We can be so exacting of others that we miss the vulnerability of our own position. Nowhere is this more true than in the case of forgiveness. We may think that the wrong committed by the other person far outweighs anything we have done to them (or anyone else). And therefore we feel quite justified in taking the moral high ground, until they come grovelling. But that is a false comparison. Our standard is not measured against our fellow sinners but against the standard set by our Creator who made everything well - ie perfect! Anything less renders us "debtors" to the one who came into the world to pay for our shortcomings with his own life.

Even though he did this for us and was without sin himself, Jesus chose to forgive - even those who scorned his gift ("Father, forgive them for they don't realise what they are doing!" Luke 23. 34). This is our standard: that we forgive, as we have been forgiven. Anything less renders us deserving of the fate of the Unforgiving Servant (Matthew 18. 21-35).

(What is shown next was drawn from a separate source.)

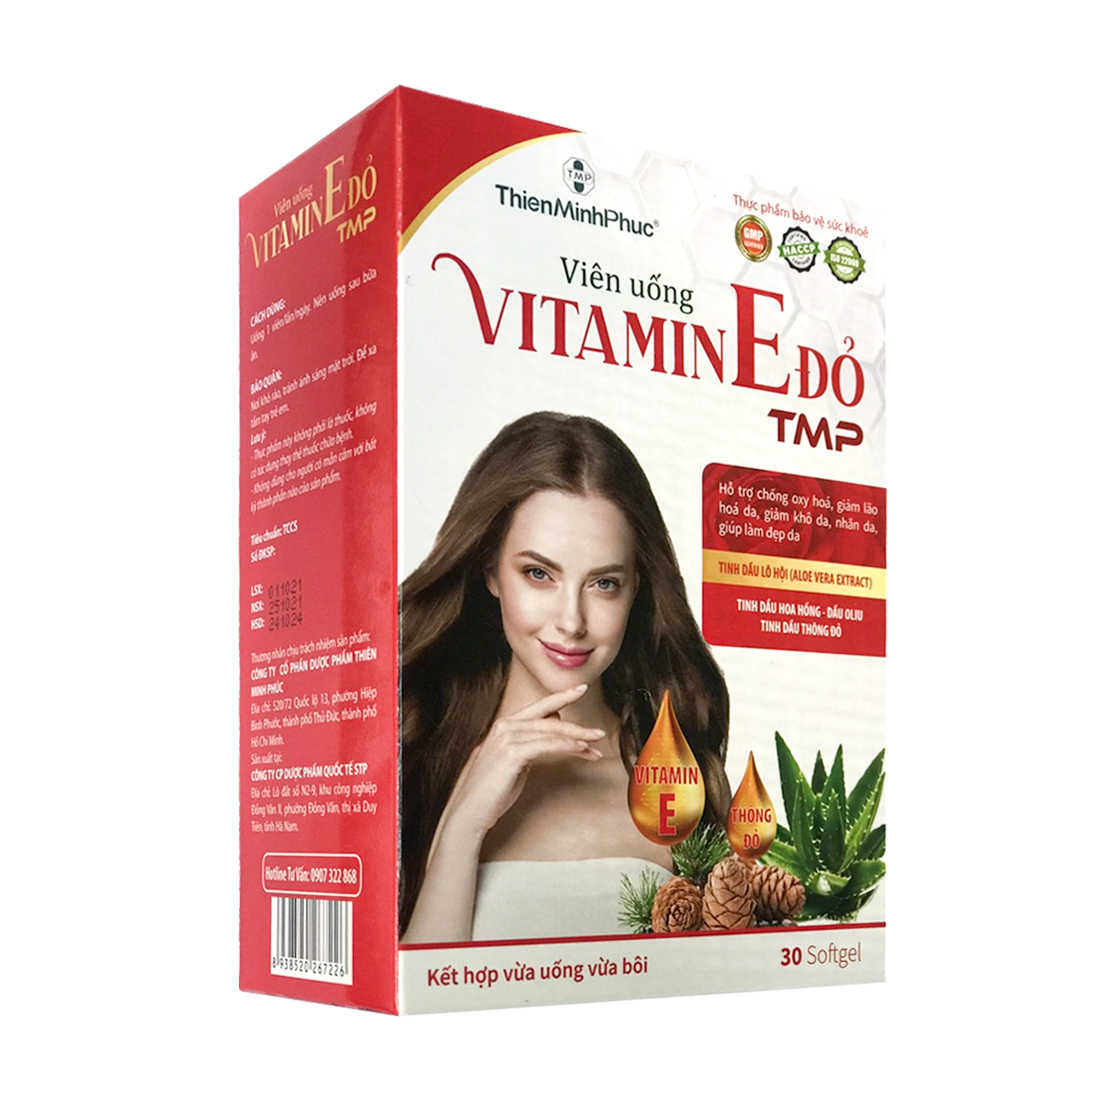 Viên uống TMP Vitamin E Đỏ hỗ trợ chống lão hóa (Hộp 30 viên)
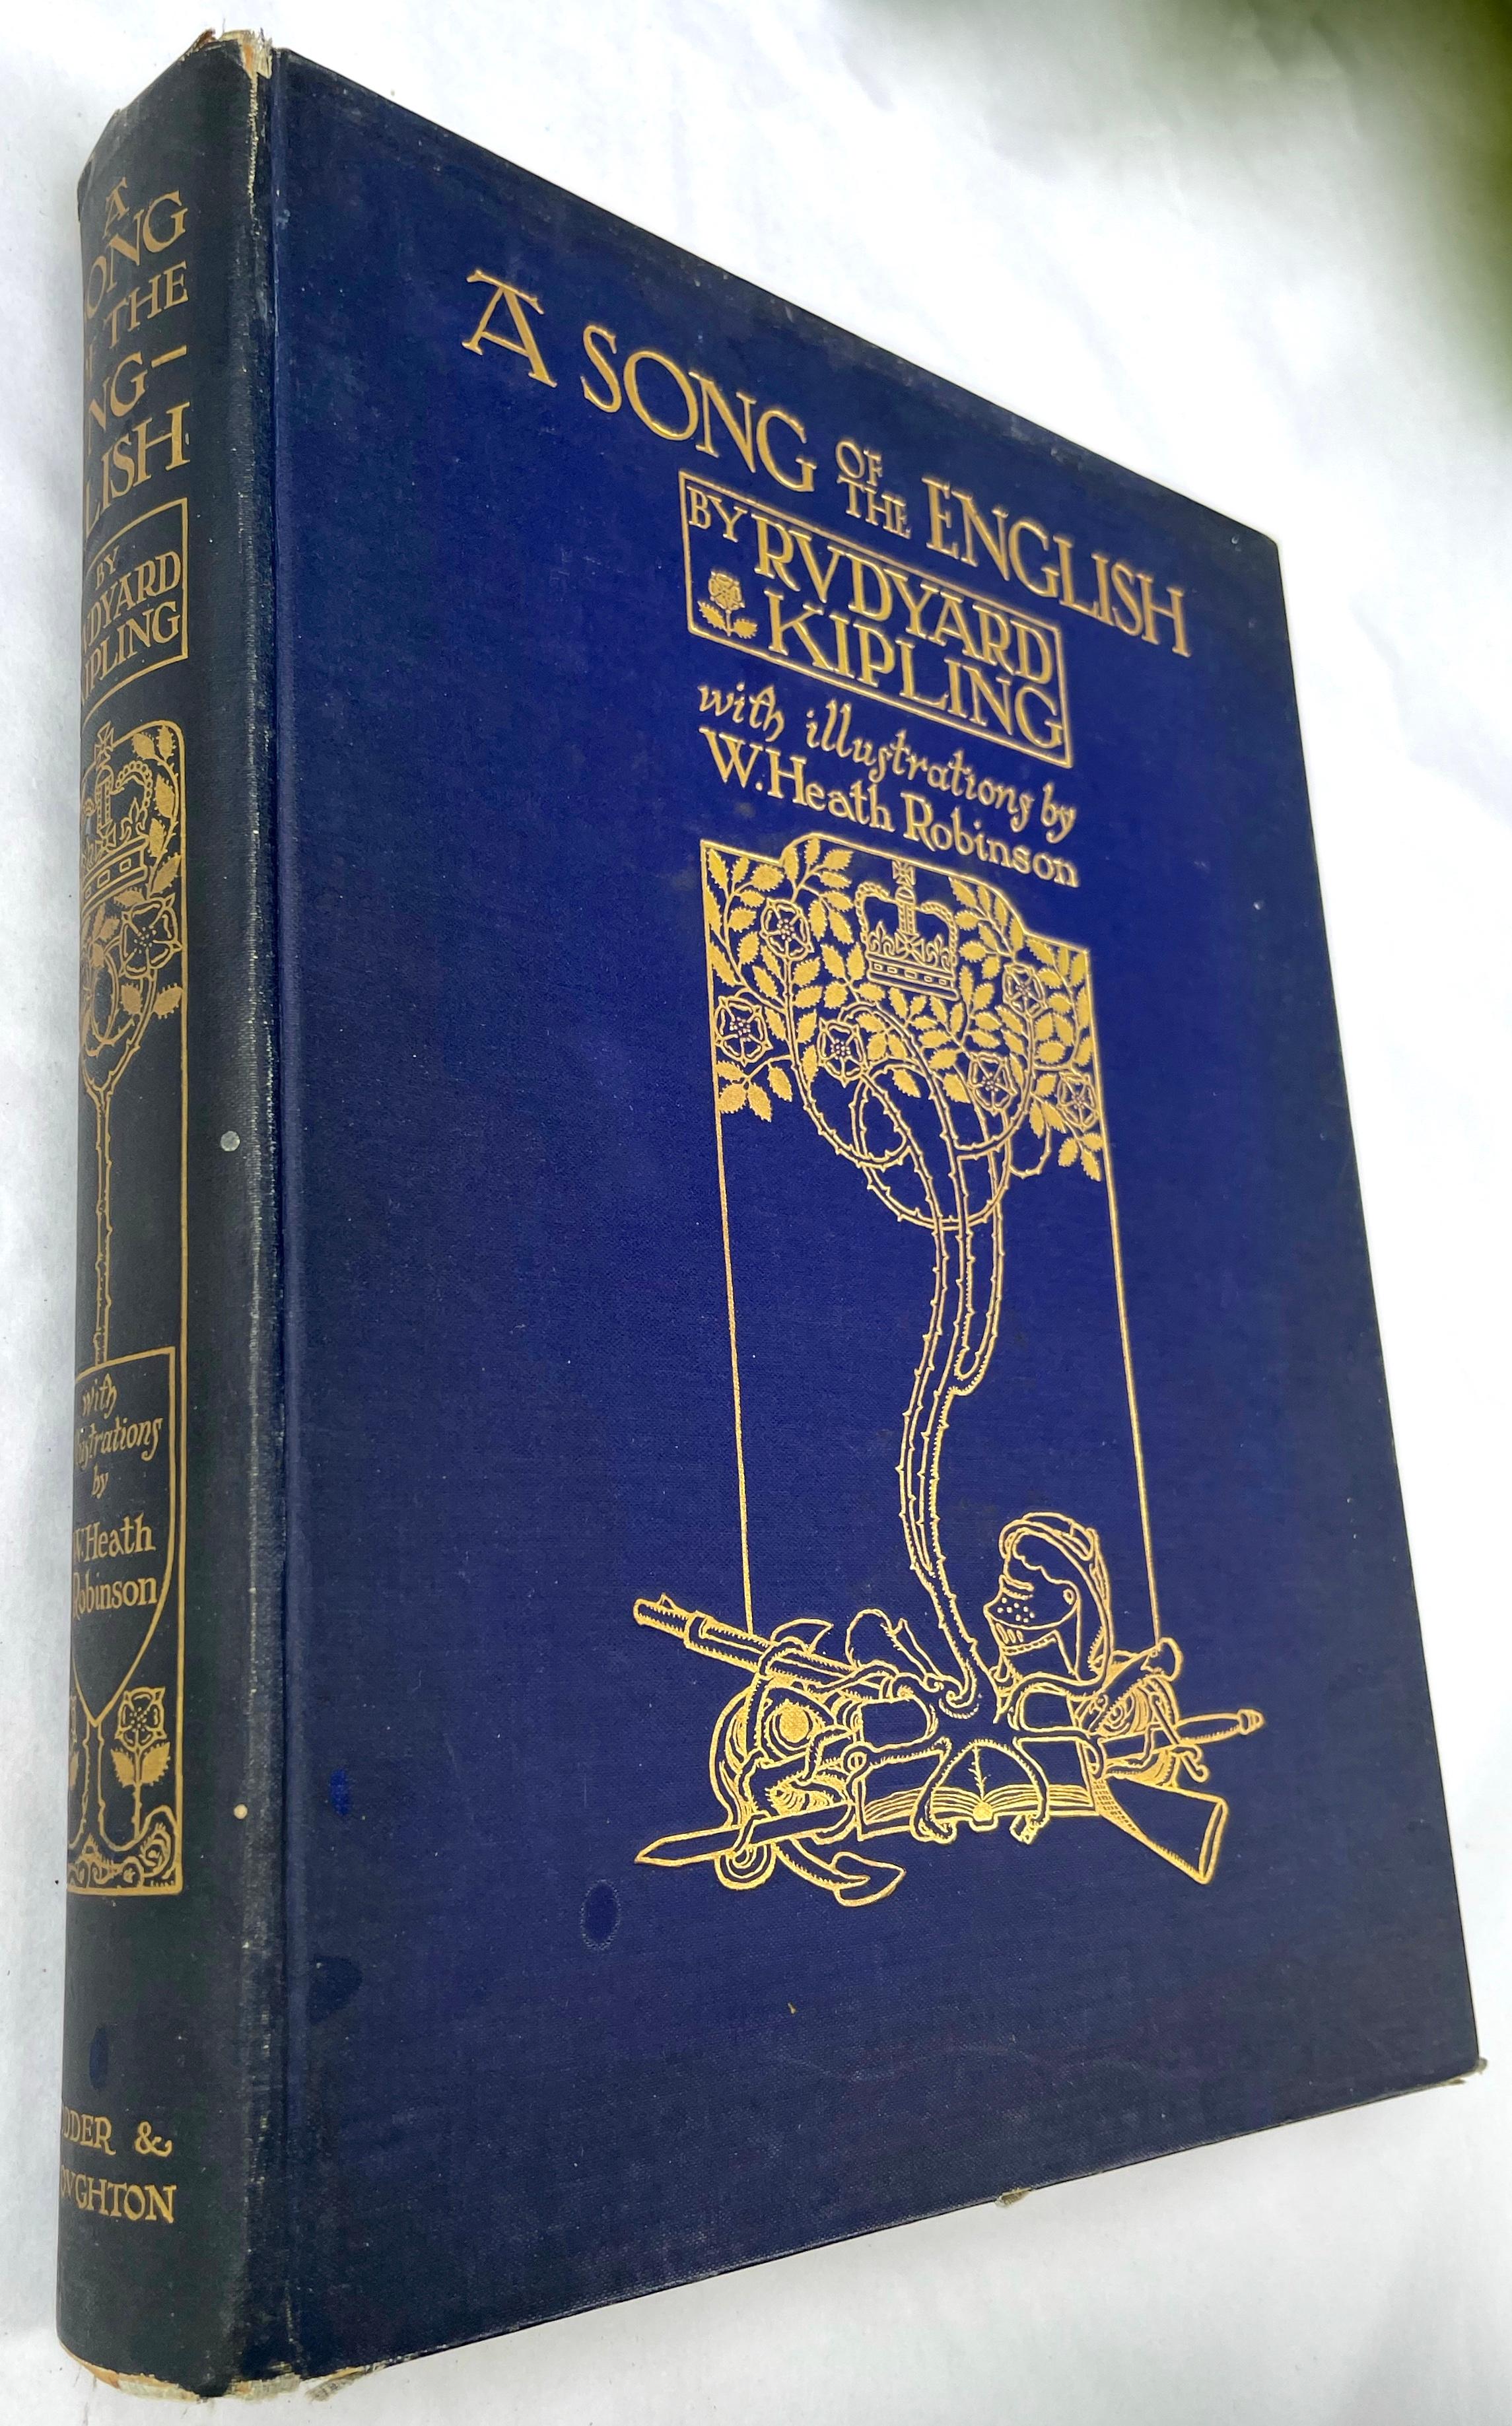 Première édition d'une chanson de The English de Rudyard Kipling. Toile bleue d'origine, avec des illustrations dorées sur le devant et le dos. Édition de l'ouvrage illustré de Robinson. Grand quarto (10 15/16 x 8 5/8 pouces). Trente planches en

Yet that is not a licence to sin, nor should we think that Christian forgiveness is a "soft touch". Penitent criminals may be spared the fires of hell but they still have to serve their sentences. And sometimes parents have to impose sanctions, even when children say sorry (and especially when they don't!) This helps us learn the consequences of our actions and is society's way of containing unlawful and dangerous behaviour, while protecting citizens.

Let us pray that God would challenge those who do not yet appreciate their need of forgiveness, while softening the hearts of those struggling to share the forgiveness they have received from you. Help us all to be wise and gracious in exercising our responsibilities and not to confuse them with higher level authority... that we may be reconciled.